Hailing from TikTok’s “First Family,” as many have grown to call them (younger sister Charli and parents, Heidi and Marc D’Amelio), Dixie currently boasts 25 million followers on Instagram and an additional 57.3 million on TikTok. In 2020, she landed a record deal with L.A. Reid’s HitCo Entertainment and joined Saint JHN and Outkast’s Big Boi on the label’s roster. Reid makes an appearance on her family’s reality show on Hulu, “The D’Amelio Show,” (which just wrapped its second season of filming), as one plotline is dedicated to Dixie finding her singing confidence and receiving musical guidance from the label head, her family and other mentors.

“I’ve loved having the opportunity to work with so many different writers and producers, but it definitely got a little bit foggy at some point,” she says. “I would walk into one room where I felt so comfortable and share this whole story and then we wouldn’t get a song out of it. And then I would go into another room and be really shy because I wasn’t as comfortable. Nothing was coming out the way I wanted.”

If there’s one thing the singer is striving for, it’s an authentic representation of her current musical direction, which seems to have evolved rapidly in a short amount of time. Dixie completed and scrapped an EP in a process that started in 2020. Eventually she morphed the project into an album which she once again threw out because it felt disingenuous to her.

In the end, Dixie realized she wanted to feel more connected to her artistic process. After her 2021 winter run with iHeartRadio and KIIS-FM’s Jingle Ball tour came to a close, Dixie returned to late-night studio sessions. By May, she had completed the majority of the album. All of the songs except for “maybe two or three” were recorded this year.

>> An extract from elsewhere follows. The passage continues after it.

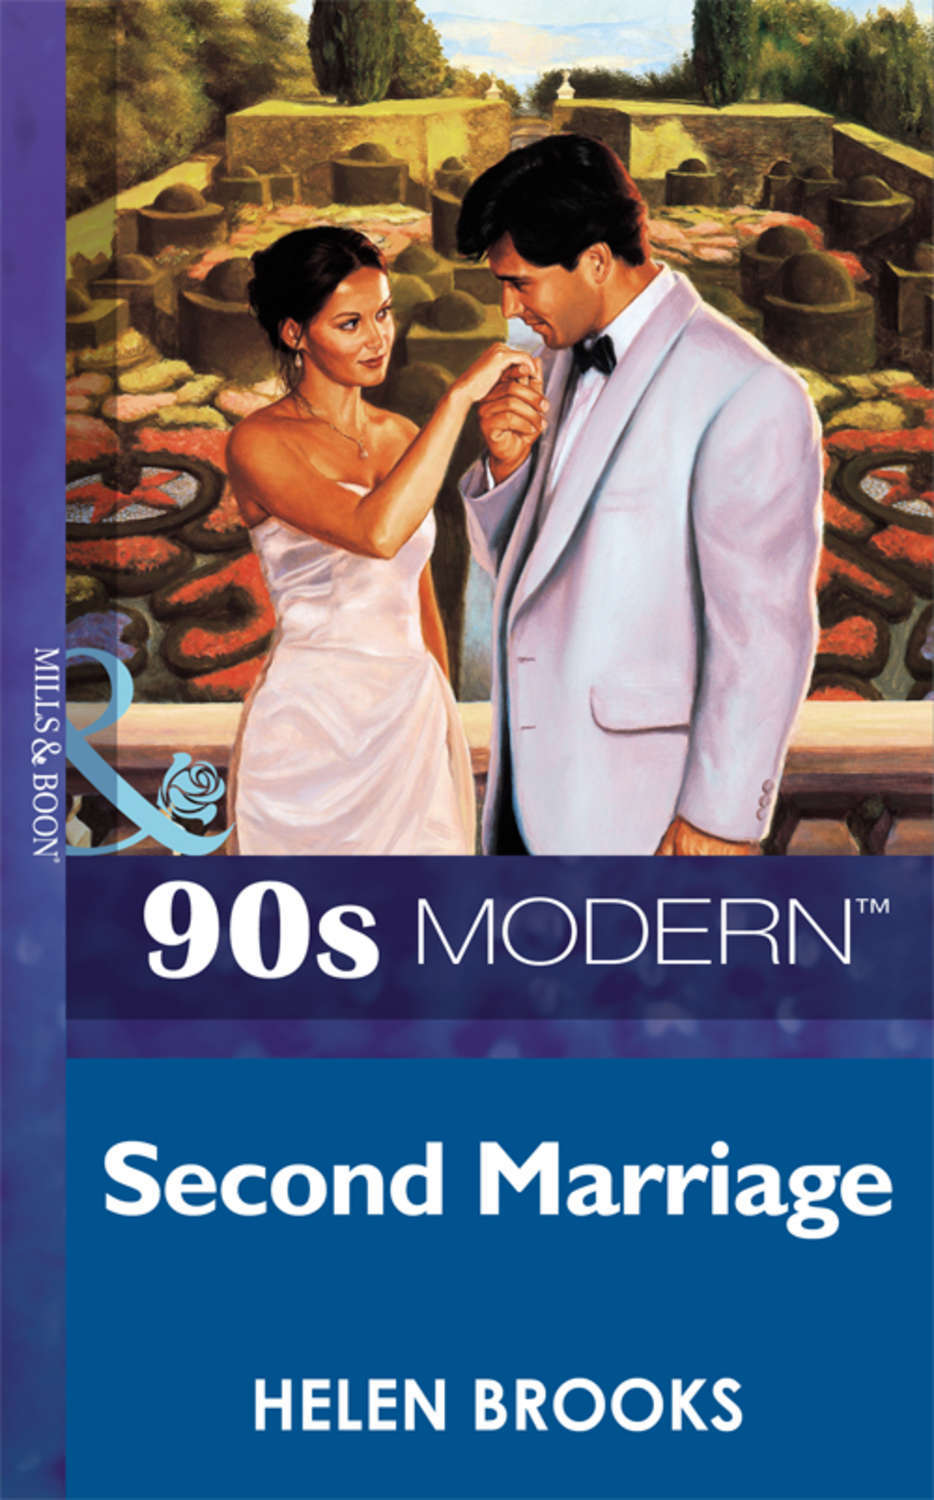 Second marriage. Marriage книга. Брукс Хелен игра. Modern marriage book.

“I am always the first one to judge myself or overthink everything where I’m like, this is going to be a problem for this reason. I am always the one to catch an issue,” she says in explanation of the album’s prolonged reinvention. “It’s hard to truly share my feelings because I get people telling me, ‘Oh, this is about this person. She hates this person!’ or whatever,’” adds Dixie, attempting to demonstrate the barrage of online badgering that you see her battling in many of the Hulu episodes.

“I never even went in the direction of like a love song or anything like that because I felt like it would just take away from what I’m really trying to do. I’m trying to really get into the space of an artist.”

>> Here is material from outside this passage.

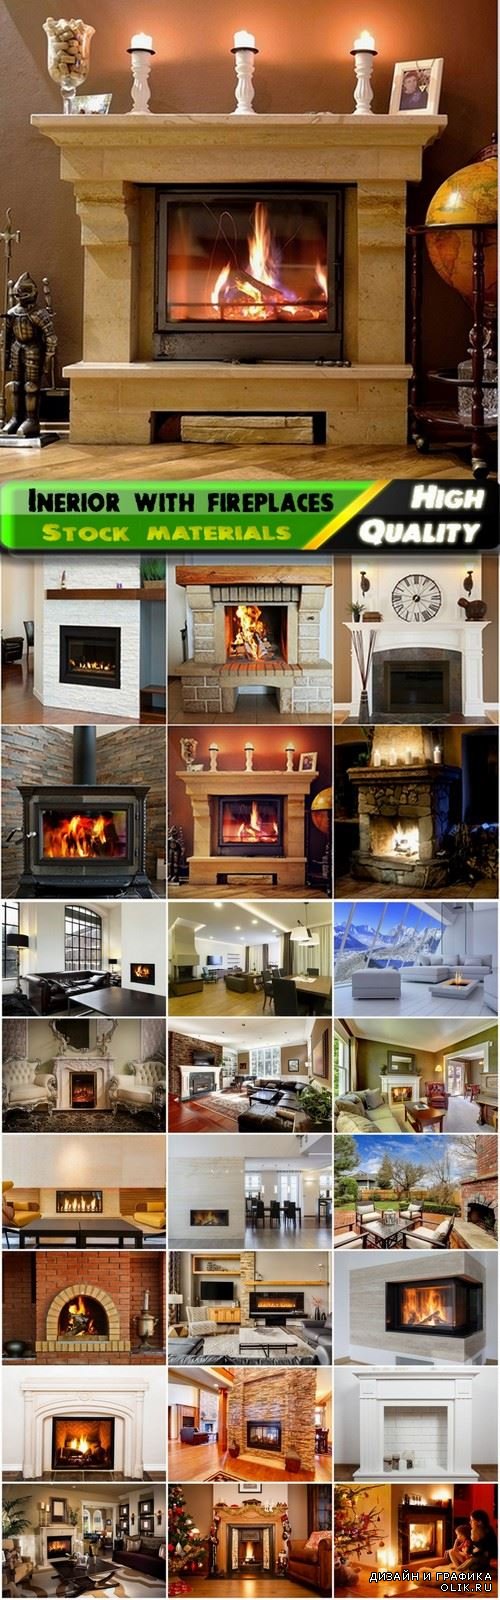 The interiors of the house with fireplaces - 25 HQ Jpg

Asserting control over her career, she dabbles in the evergreen disco-pop genre, as is instantly clear in “Not Enough.” The pop-funk track is what Dixie calls “one of the strongest songs” on her debut album. Capitalizing on a love of ’80s and contemporary pop, “A Letter to Me,” was created with the support of two industry all-stars: Jenna Andrews and Stephen Kirk.

The pair were among the creators of BTS’ “Butter,” which is certainly evident in the marching snare drums of Dixie’s feisty “On Your Toes.” The upbeat diss anthem has the singer at her most confident for a song that’s likely to be a fan favorite on TikTok – despite the fact that the app is not so much on her radar these days.

As conversations about TikTok’s place in music marketing continue, it seems the key to Dixie’s success has been knowing and catering to her audience. She knows that a lot of the people watching her on the app “don’t know her as a musician,” so she says she “can definitely tell the difference between, which content does well and I know my audience can tell the difference whether or not I’m being authentic. If I’m just running around my house or doing something stupid, it definitely gets more love than me doing something like ‘This is my song. I hope you love it!’ So I just try to balance it to stay as authentic as possible.”

Despite her status as TikTok royalty, Dixie says she hasn’t felt comfortable using the app to market her music and instead chooses to use other platforms. “Everyone’s trying to transition towards [TikTok] and I’m trying to transition in the other way! It’s funny because now everyone’s telling me to ‘Use TikTok! You need to use TikTok to blow up your music!’ but when I first started, I felt like I was looked down upon. I have a lot of nerves about that now because I want to be respected, but at the same time, this is what everyone’s doing.”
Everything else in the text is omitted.